Regarding #1, higher profit margin. I have little to none formal business/economics education, so perhaps some of you can help me here: I have a hunch that there might be some rule on the proverbial first page of every book on the subject, that says that if a business/industry have such a high margin, competition will make this go away? Which I think is the point several of you mention. That if there is such a "permanent" high profit margin in e.g. FAANG type companies, healthy competition etc should remove/ normalize this?
[/quote

Yes. One of the main tenets of economics is that competition drives out profit. More competition would erode the competitive advantage of FAANG type companies; however, that competition has been limited because the FAANG type companies were allowed to consolidate all potential competitors after becoming dominant in their respective fields. 

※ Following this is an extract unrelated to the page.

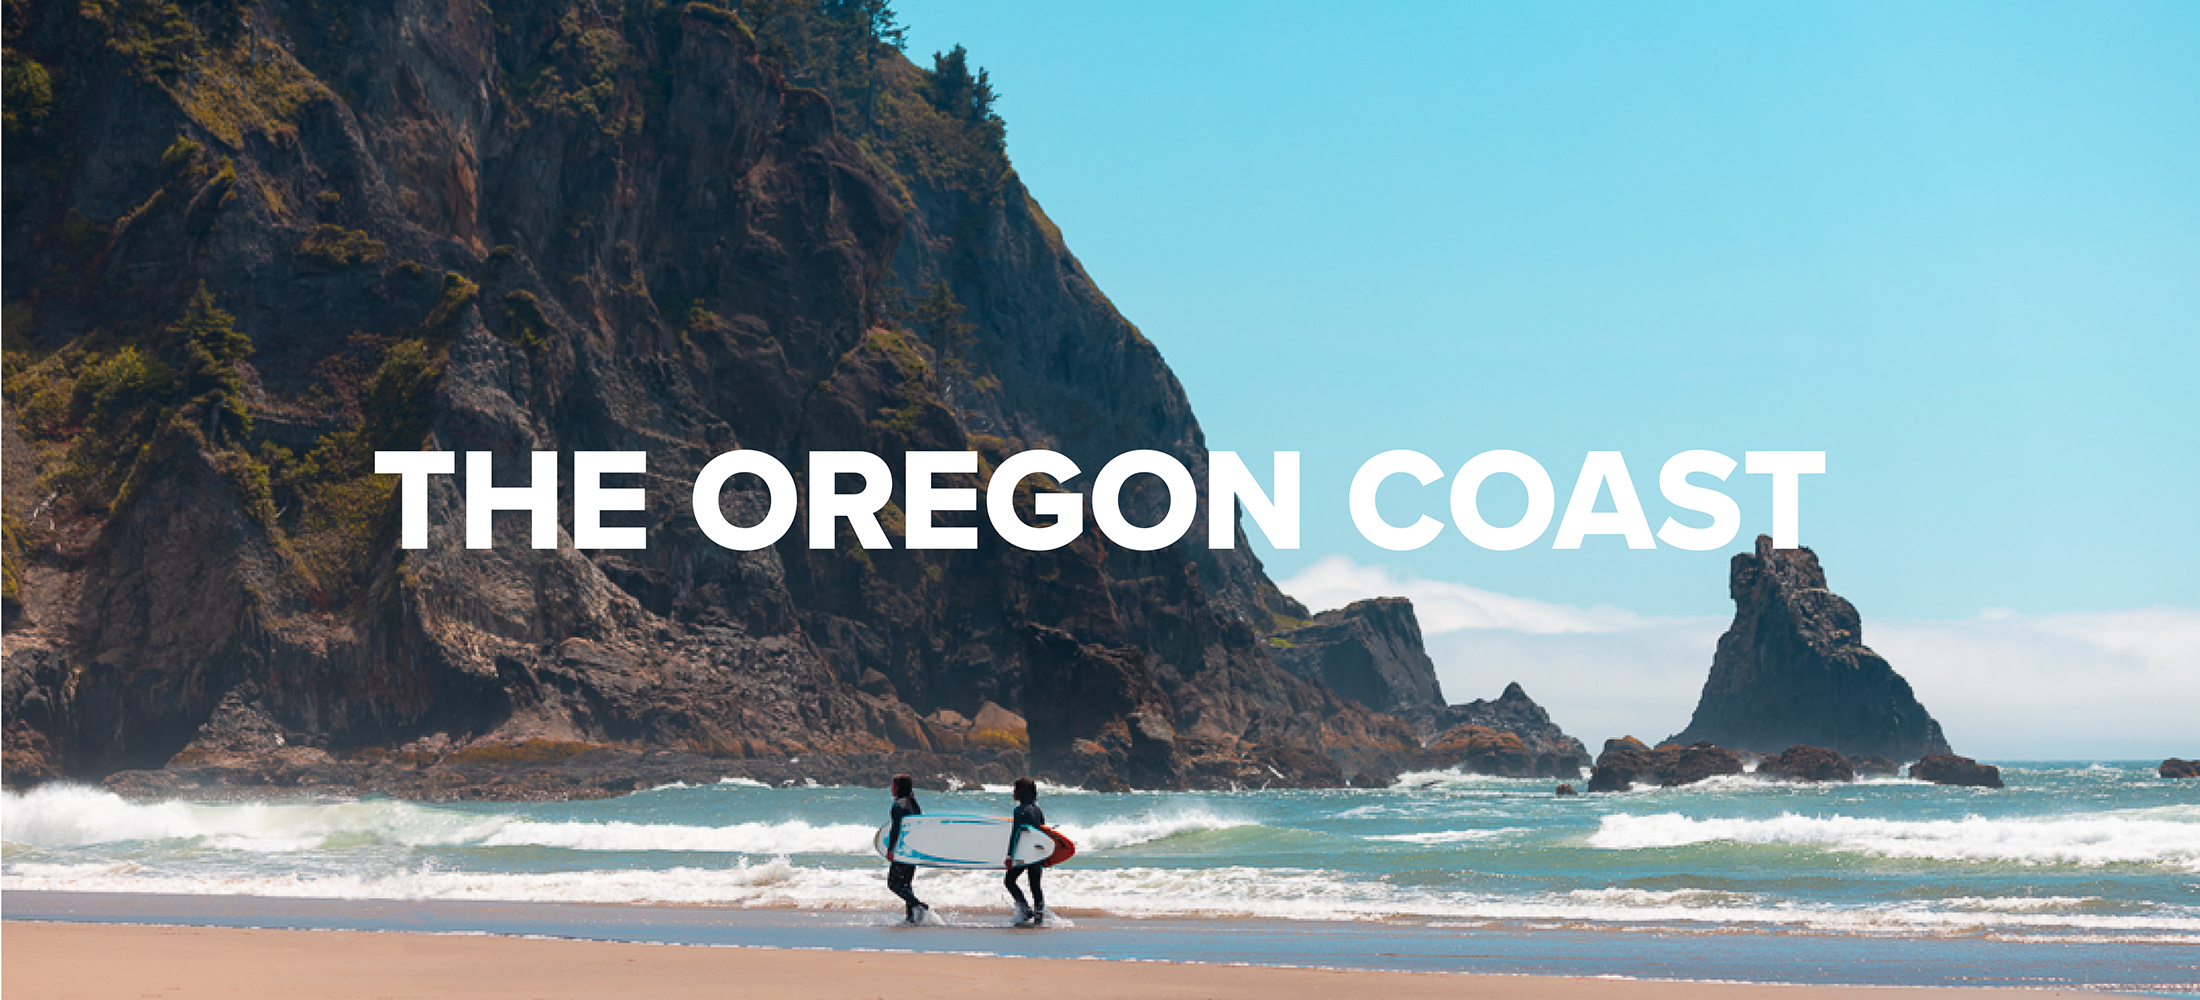 The Oregon Coast with two surfers carrying surfboards together.

Think of Google - Google was the largest search-based advertiser which was what was grown organically. But then they used acquisitions to become the largest flash/banner advertiser (DoubleClick), the largest video advertiser (YouTube), and the largest mobile advertiser (AdMob). This was incredible for the shareholders and Google essentially locked down an advertising monopoly for all things internet with the exception of social media.

Facebook was allowed to do similar things with their acquisition of Instagram and WhatsApp despite already being a very dominant force in social media and messaging.

This is exactly the type of thing that regulators were trying to prevent when they busted up on Microsoft back in the late 90s and gave them trouble for using that position to better position other Microsoft properties like the Internet Explorer web browser. This time around, regulators have shown little concern, but if they ever do it will get much more difficult for Google to maintain margin in the face of competition.